A deepening purple bruise along their cheekbone, the rest of the skin puffy and red on that side of their face. Their hair was bedraggled and messy, and a haunted look resided in their hazel eyes.

He clutched them tight, trying to dispel the rage that built by the second. Something had gone wrong, but he only had shots in the dark to guess what. However, he understood Fin’s skittishness because it was so similar to his own. He’d wait for the information to be volunteered. Right now, he needed to remind himself they were here in his arms.

“Fuck,” he muttered, the words muffled by their hair.

Fin pulled back and attempted a half smile that fell off their face. Tears streaked down their cheeks, which floored him. Fin wasn’t the type to cry.

He shook his head, his heart ripped out of his chest. “You don’t have to pretend for me. Fuck, baby. Never me.” He was in so deep with them he never wanted to surface, and he was well aware of what letting him in had cost them.

Fin didn’t let people in, not like that.

Yet they made exception after exception for him.

“Did you ice that?” He pointed to their cheek.

“Nah.” They shook their head, then winced at the movement.

Ollie set off toward the freezer. He opened it and rummaged around, the brisk cool not helping to calm the hot rage bubbling inside him in the slightest. He found a bag of peas, which would have to work. “Do you have a towel? I’ve had to ice too many injuries over the years.”

“What from?” they asked, snagging a dish towel. He passed over the bag of peas, and they applied it to their face.

“Being on the football team. I’d like to pretend it was just sports-related, but I got in a lot of fights my senior year.” He swallowed hard.The slurs the guys had thrown around had gotten under his skin effortlessly. And for a while, he’d convinced himself he was sticking up for Jules, but deep down, those attacks had slammed in on a personal level. He’d just been burying parts of himself in an attempt to fit in.
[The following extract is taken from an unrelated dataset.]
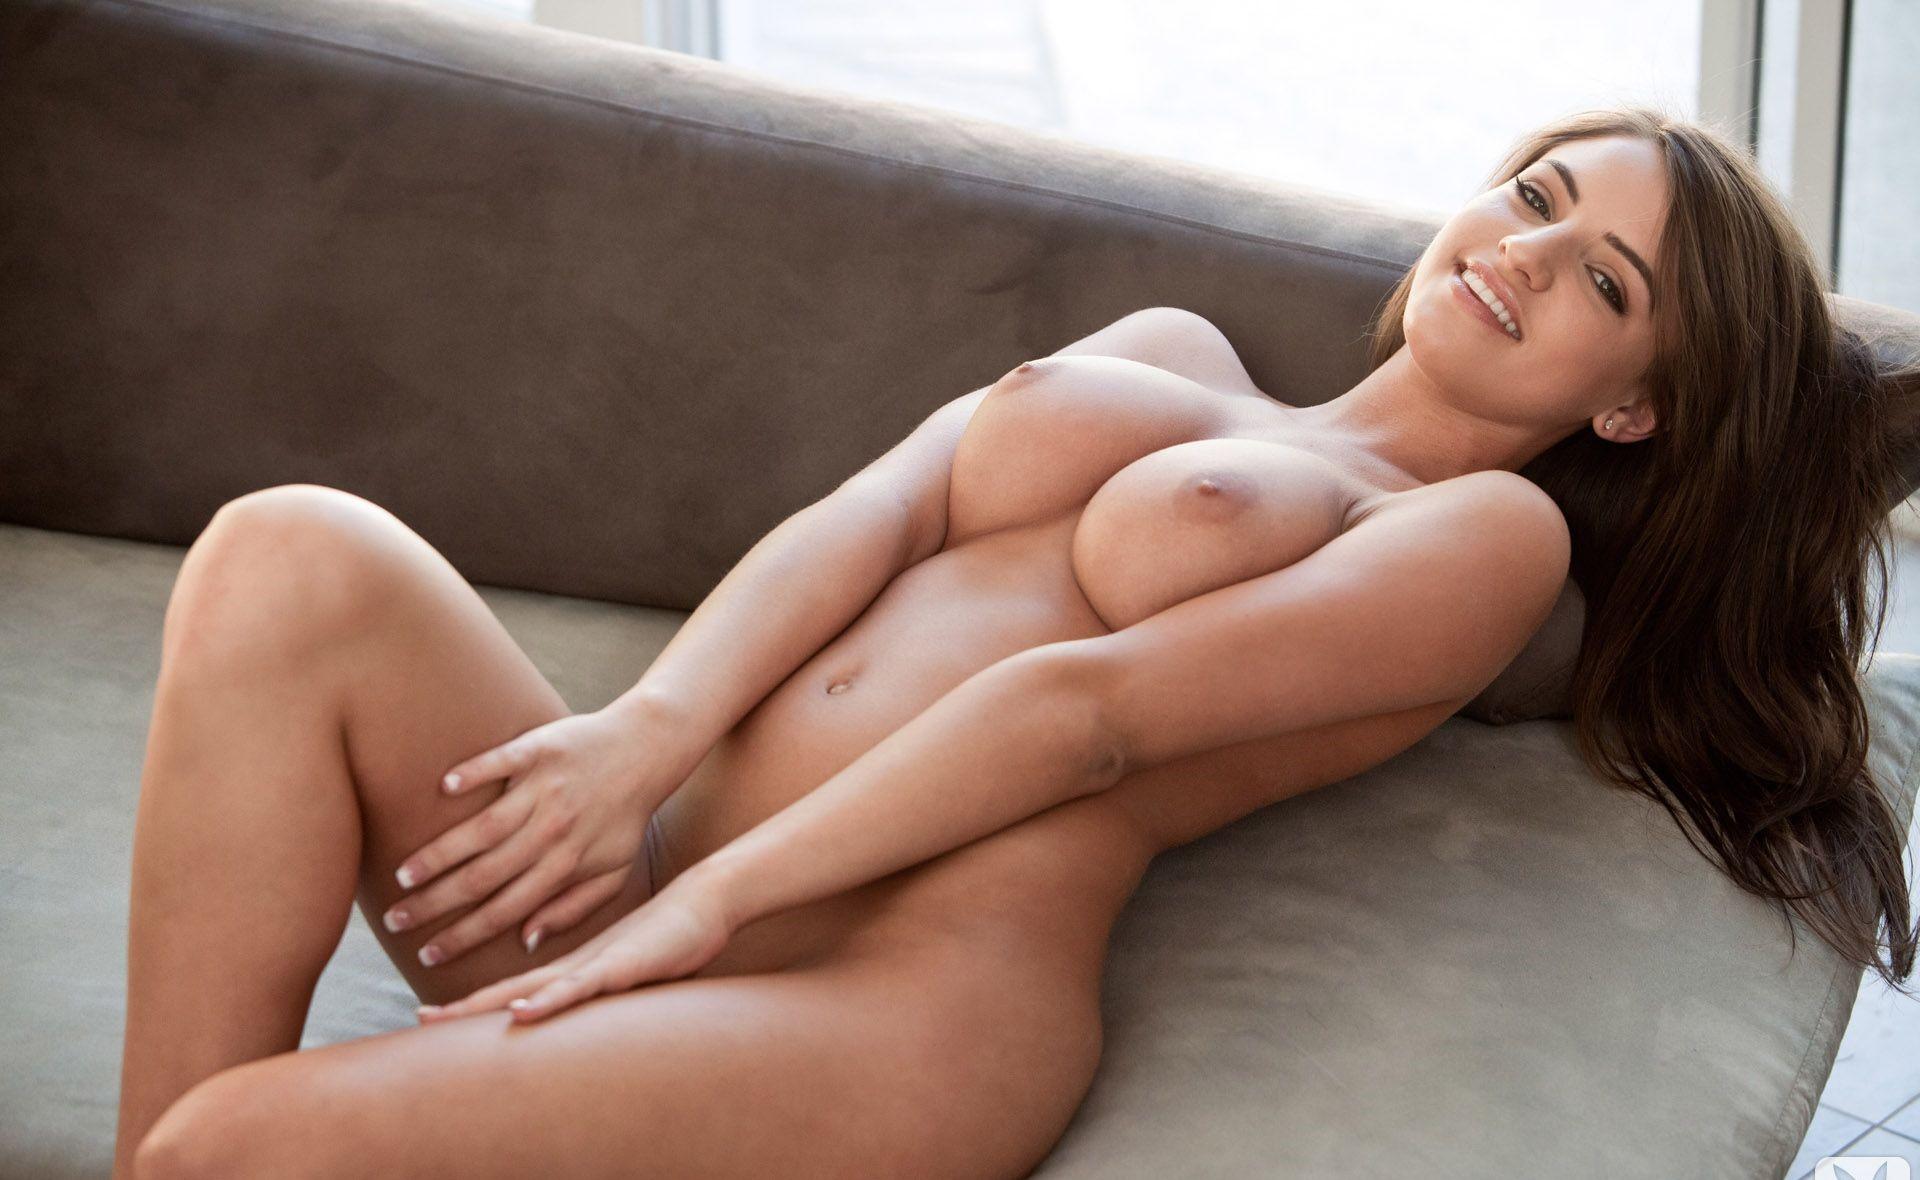 Геи секс мужчина на порно фото порева ебли онлайн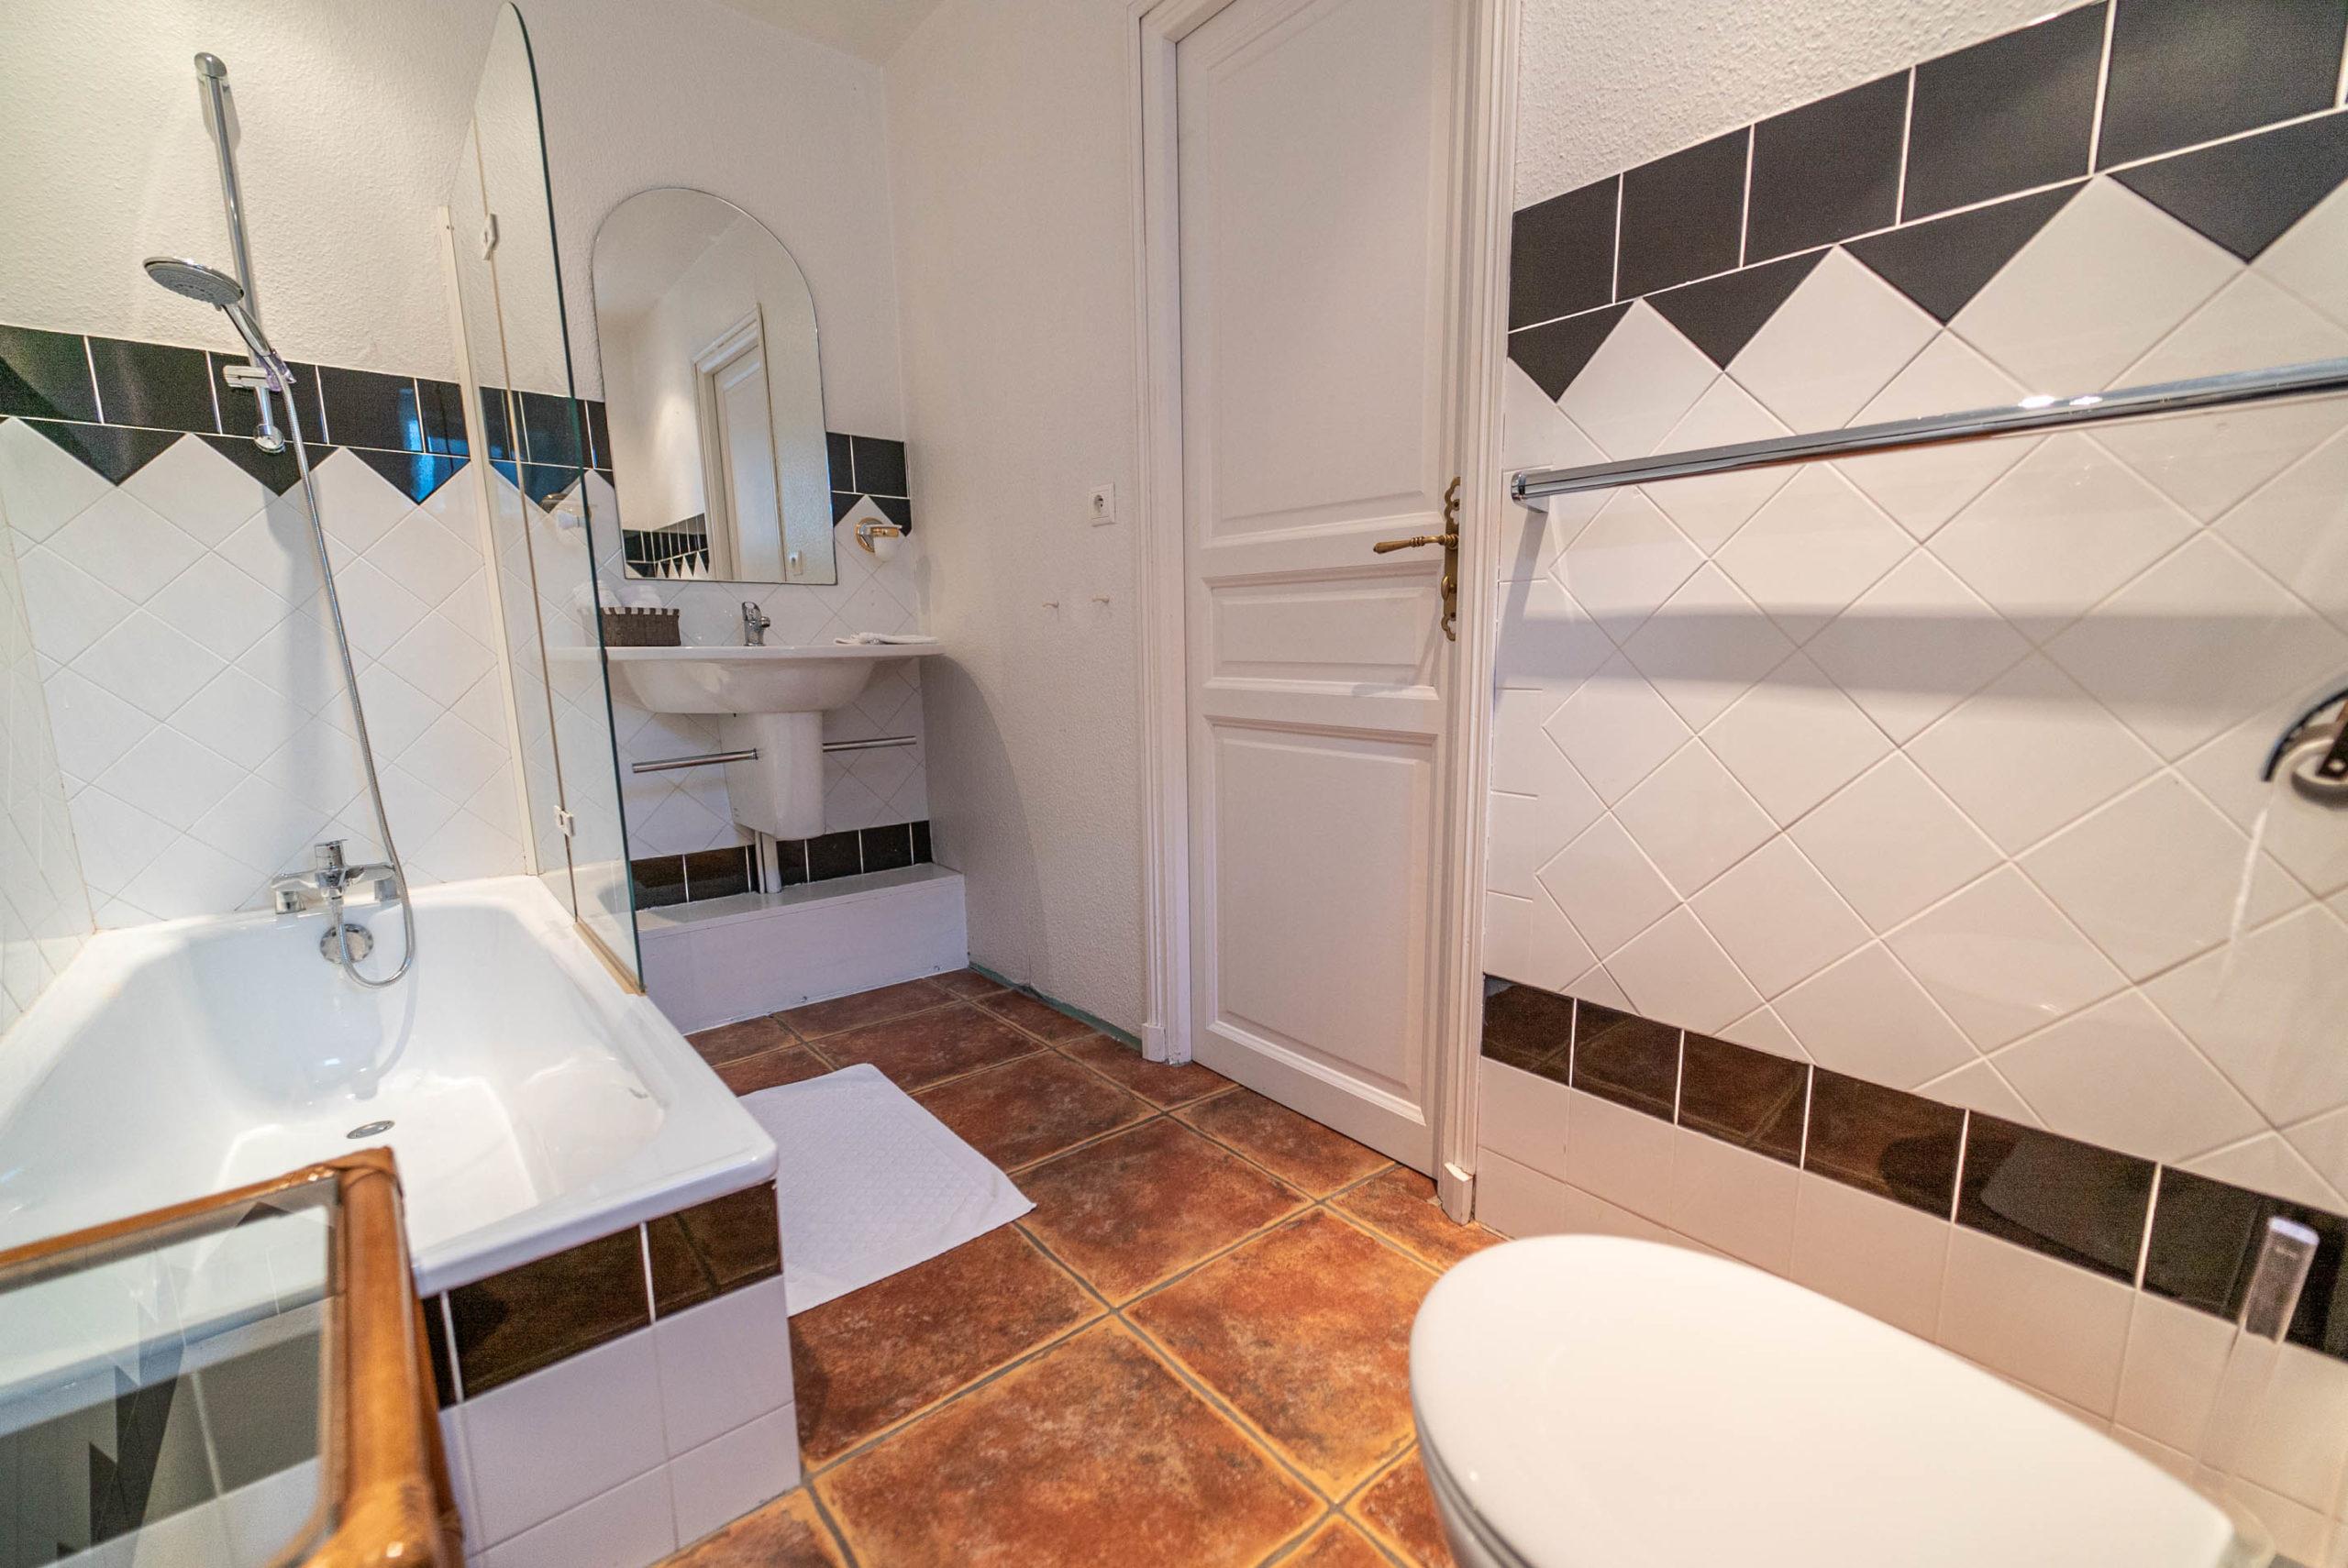 Salle de bain Chambre des convives chateau Rauly location bergerac Monbazillac

Something he’d done for years and years.

“Fuckers,” Fin spat out as they clutched the wrapped bag of peas to their face. The tears had slowed, the sobs had stopped, but a strange fragility hummed in the air, like they were one step away from shattering completely.

Ollie swallowed. He understood far too well. He’d been riding that line for the past few months, the urge to cut pulsing beneath the surface, ebbing and flowing but growing to a dangerous point. Sometimes he went long stints without it arising, where it remained a latent part of him and he could pretend he was healed, that he’d gotten over the urges.